_WHAT YOU ARE ASKED TO DO_:
Repeat, please, exactly the lines from the one that has "first article together" through the end of the records below, with pictures dropped.

_SUPPLIED MATERIAL_:
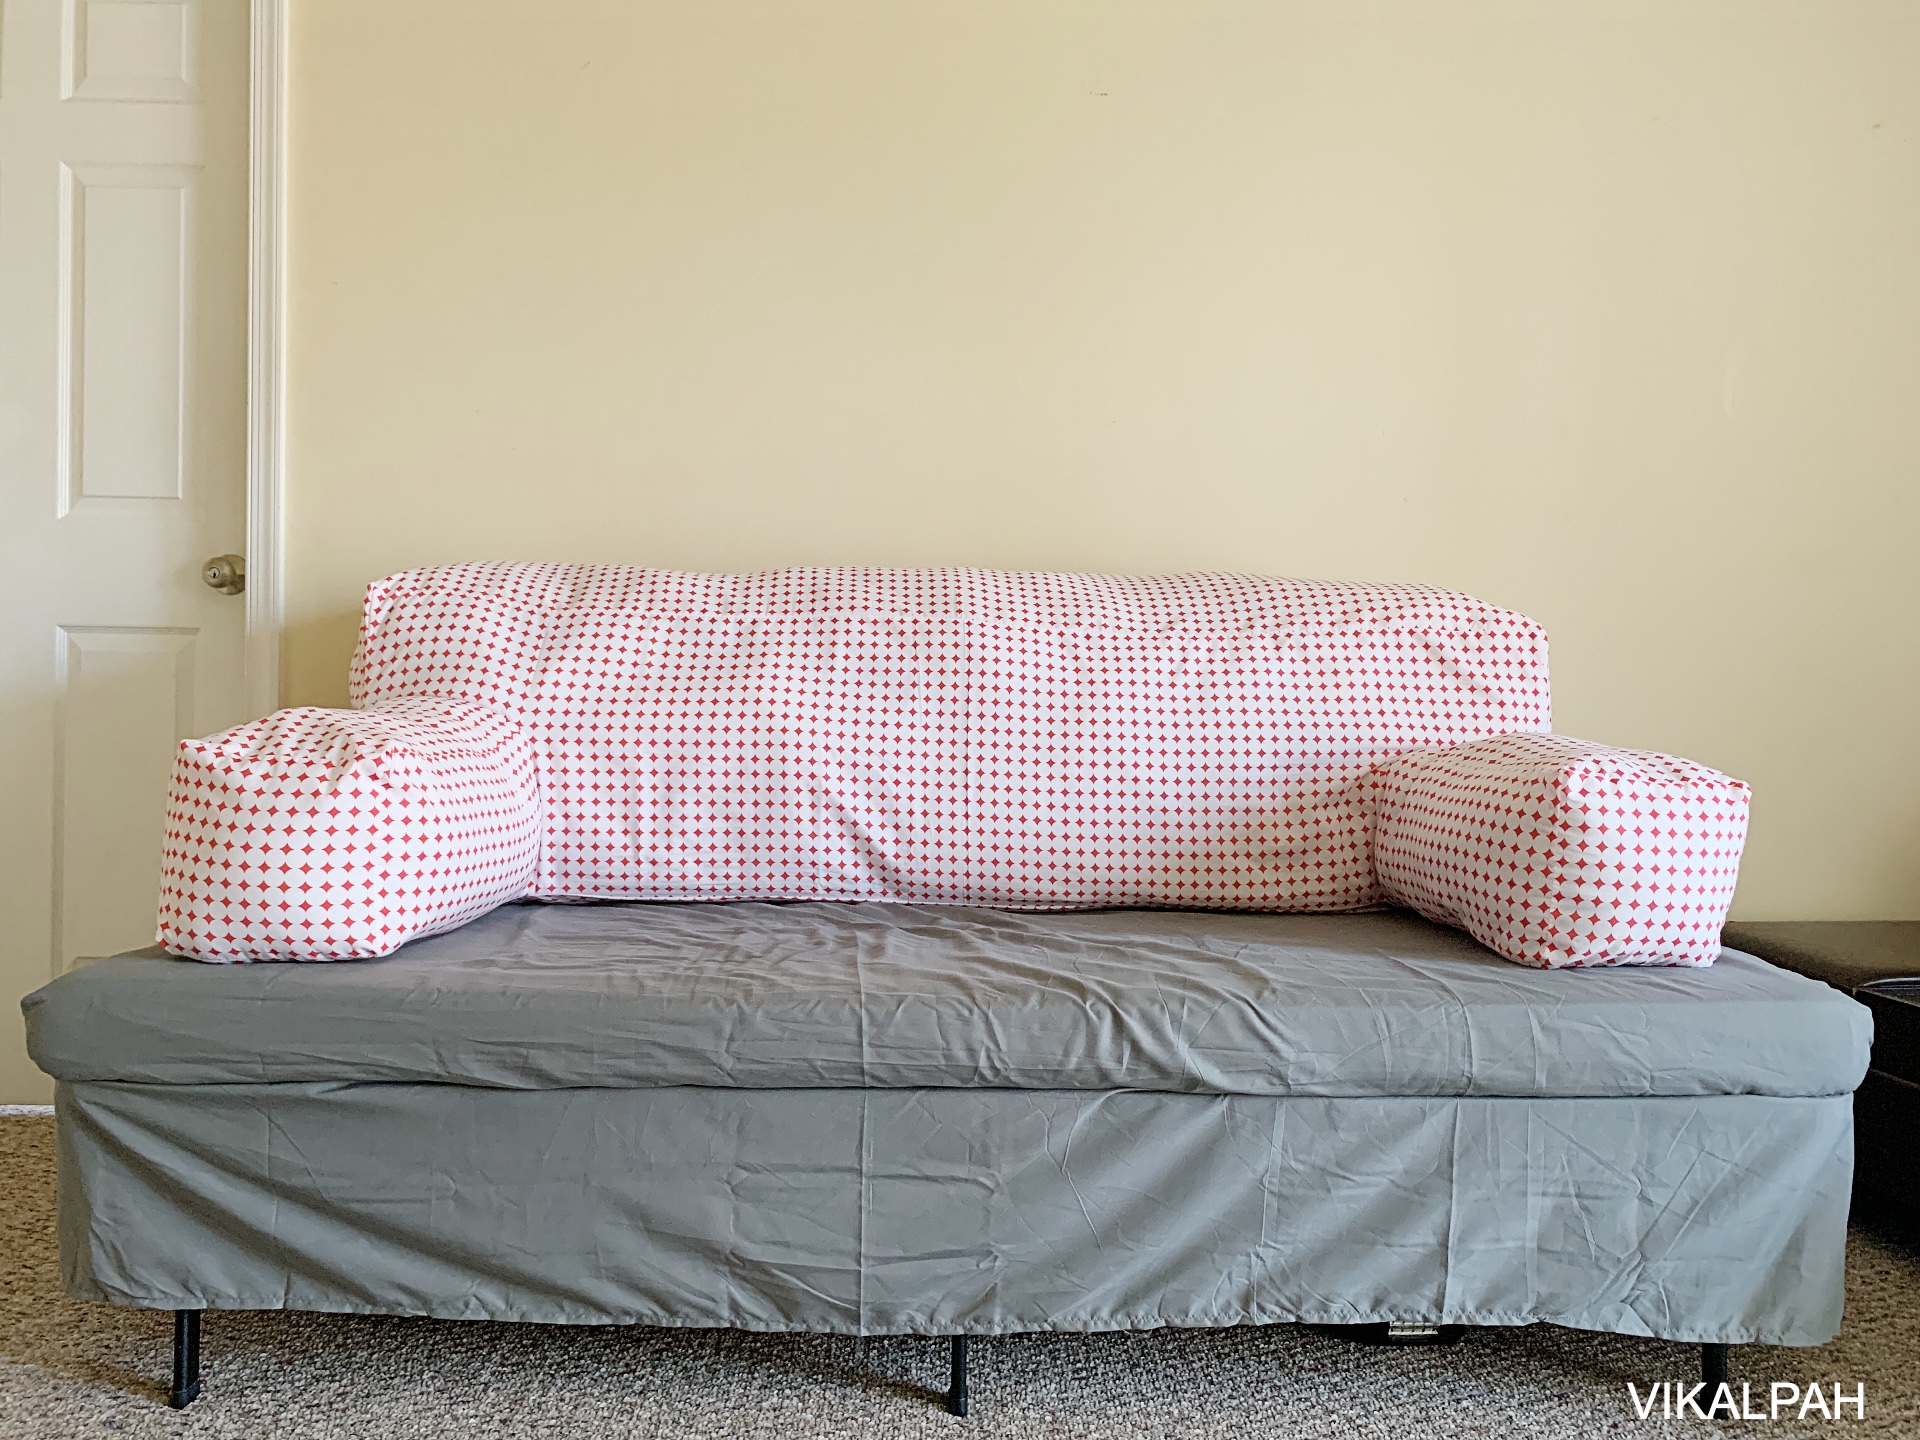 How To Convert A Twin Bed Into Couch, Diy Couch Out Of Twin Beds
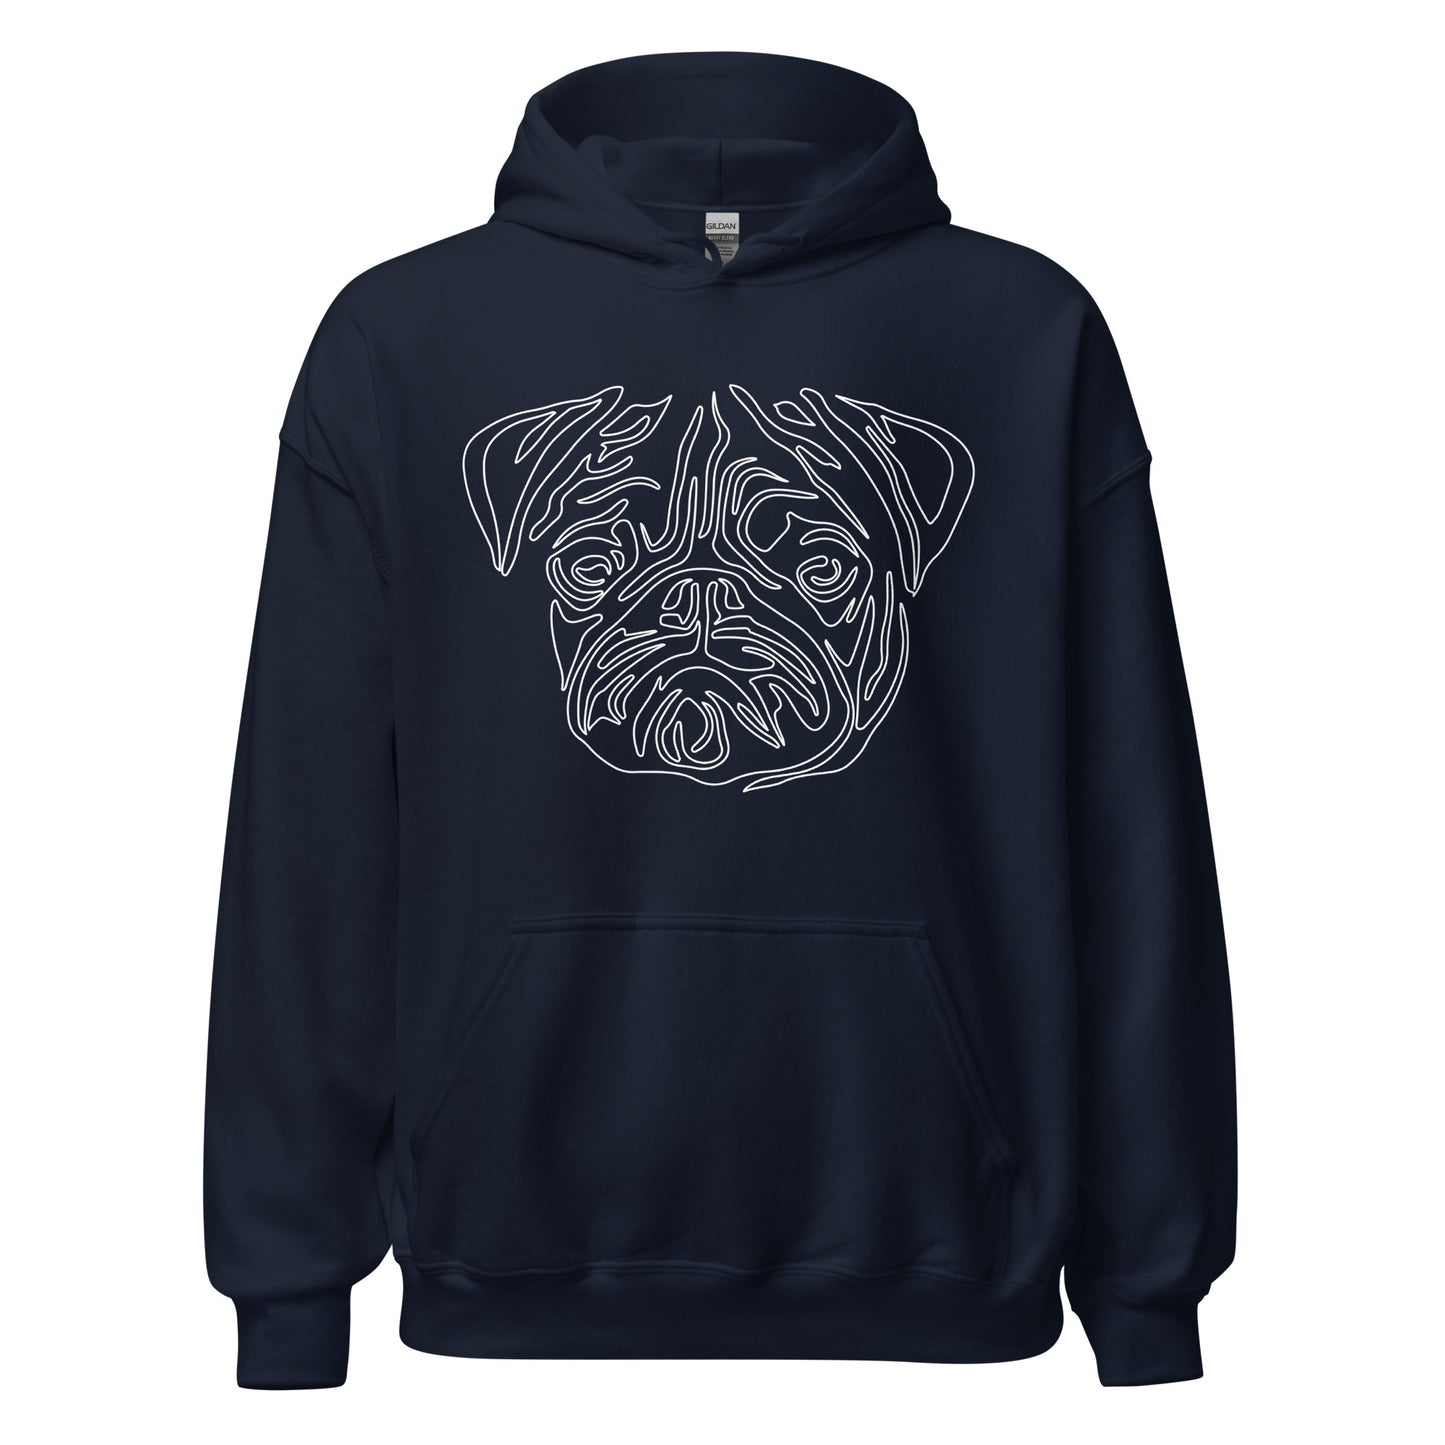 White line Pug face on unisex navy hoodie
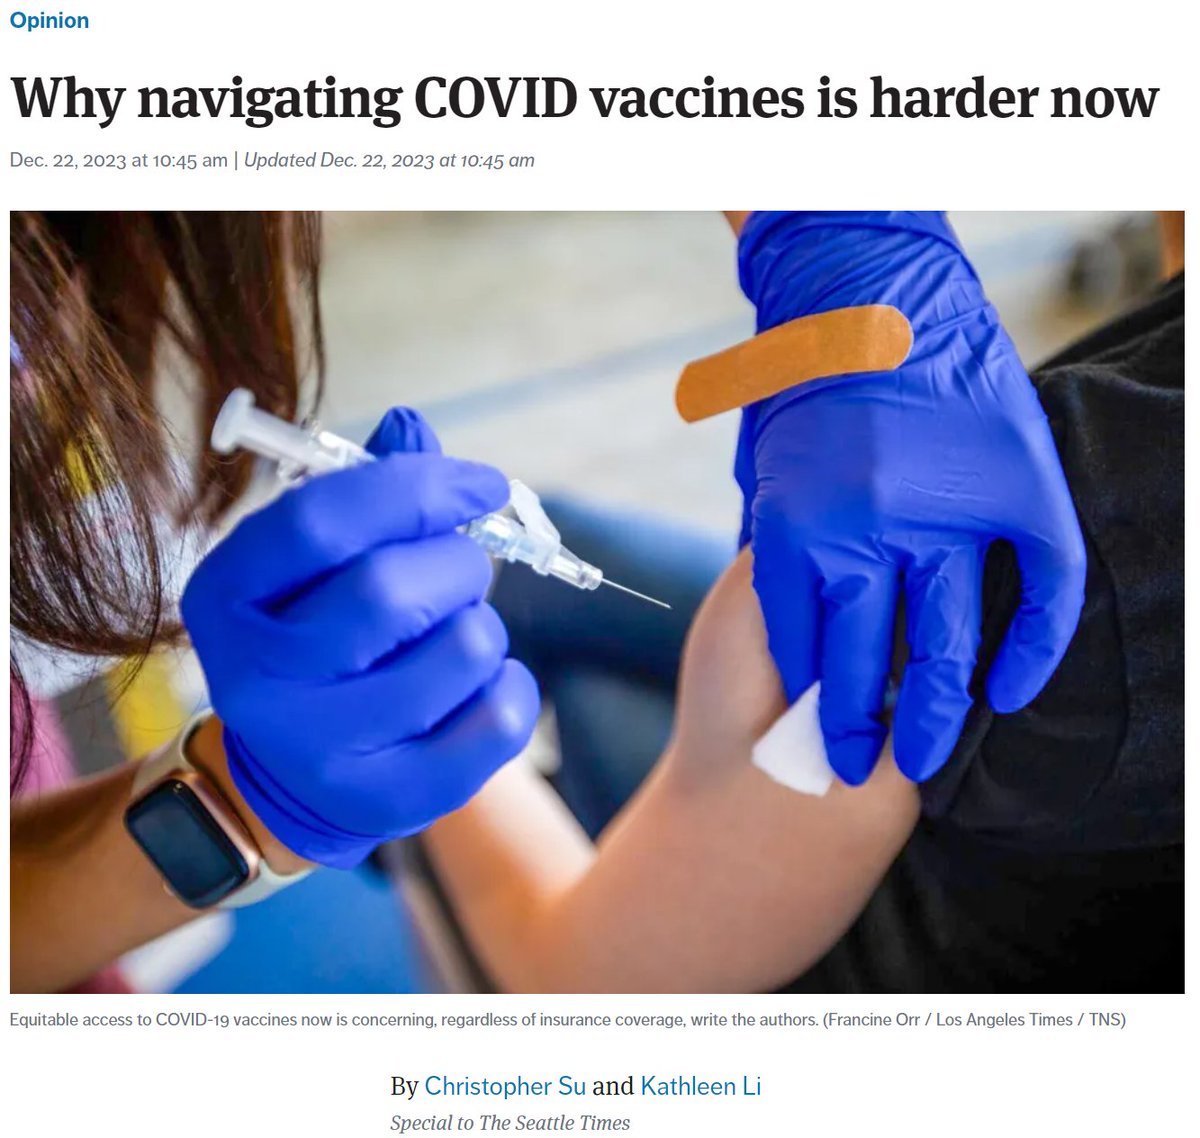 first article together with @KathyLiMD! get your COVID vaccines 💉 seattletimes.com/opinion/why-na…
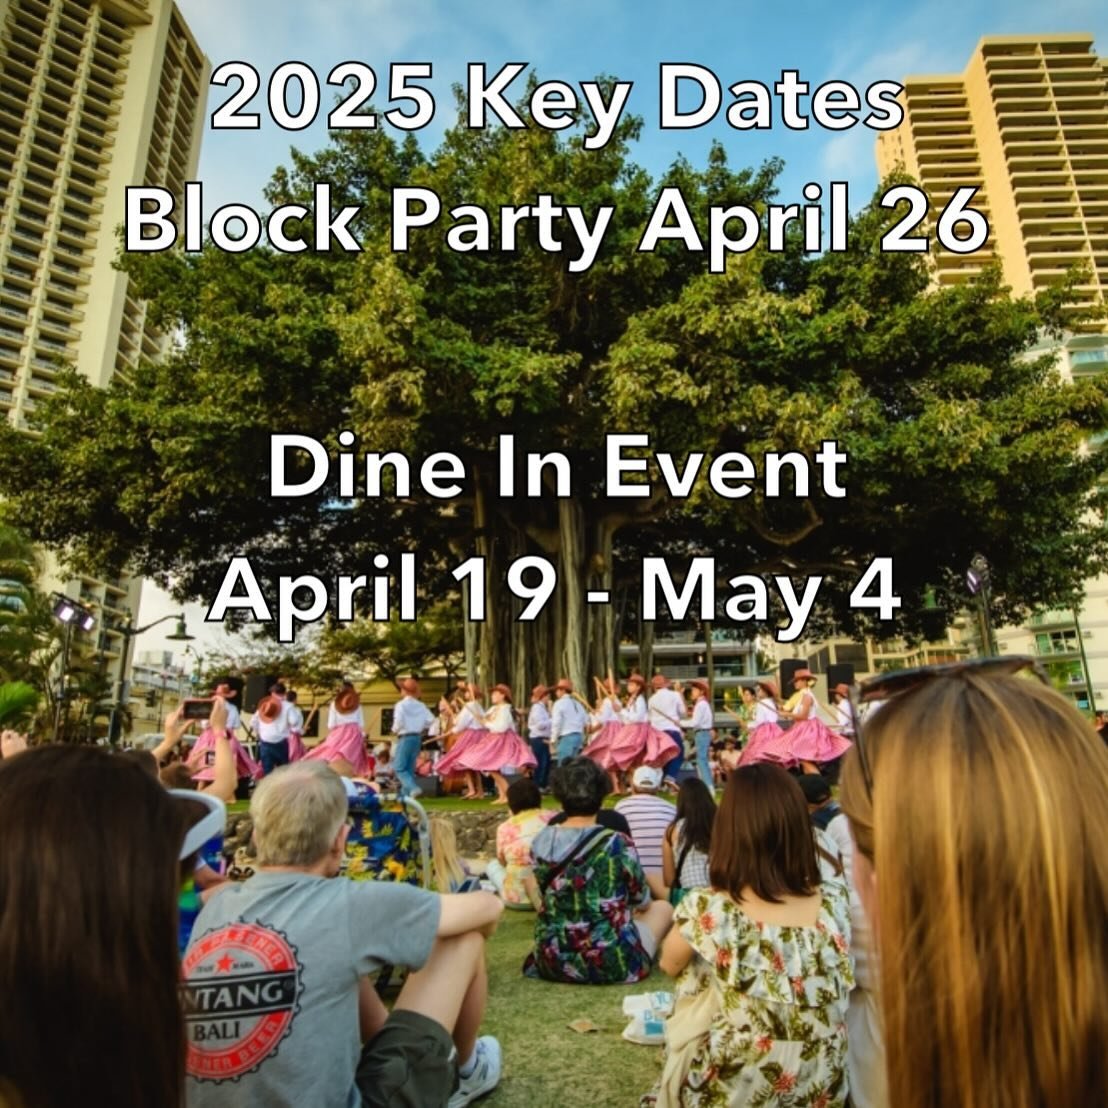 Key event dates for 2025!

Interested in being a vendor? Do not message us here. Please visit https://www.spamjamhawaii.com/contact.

_SOLUTION FOR THIS EXERCISE_:
 first article together with @KathyLiMD! get your COVID vaccines 💉 seattletimes.com/opinion/why-na…
 Key event dates for 2025!

Interested in being a vendor? Do not message us here. Please visit https://www.spamjamhawaii.com/contact.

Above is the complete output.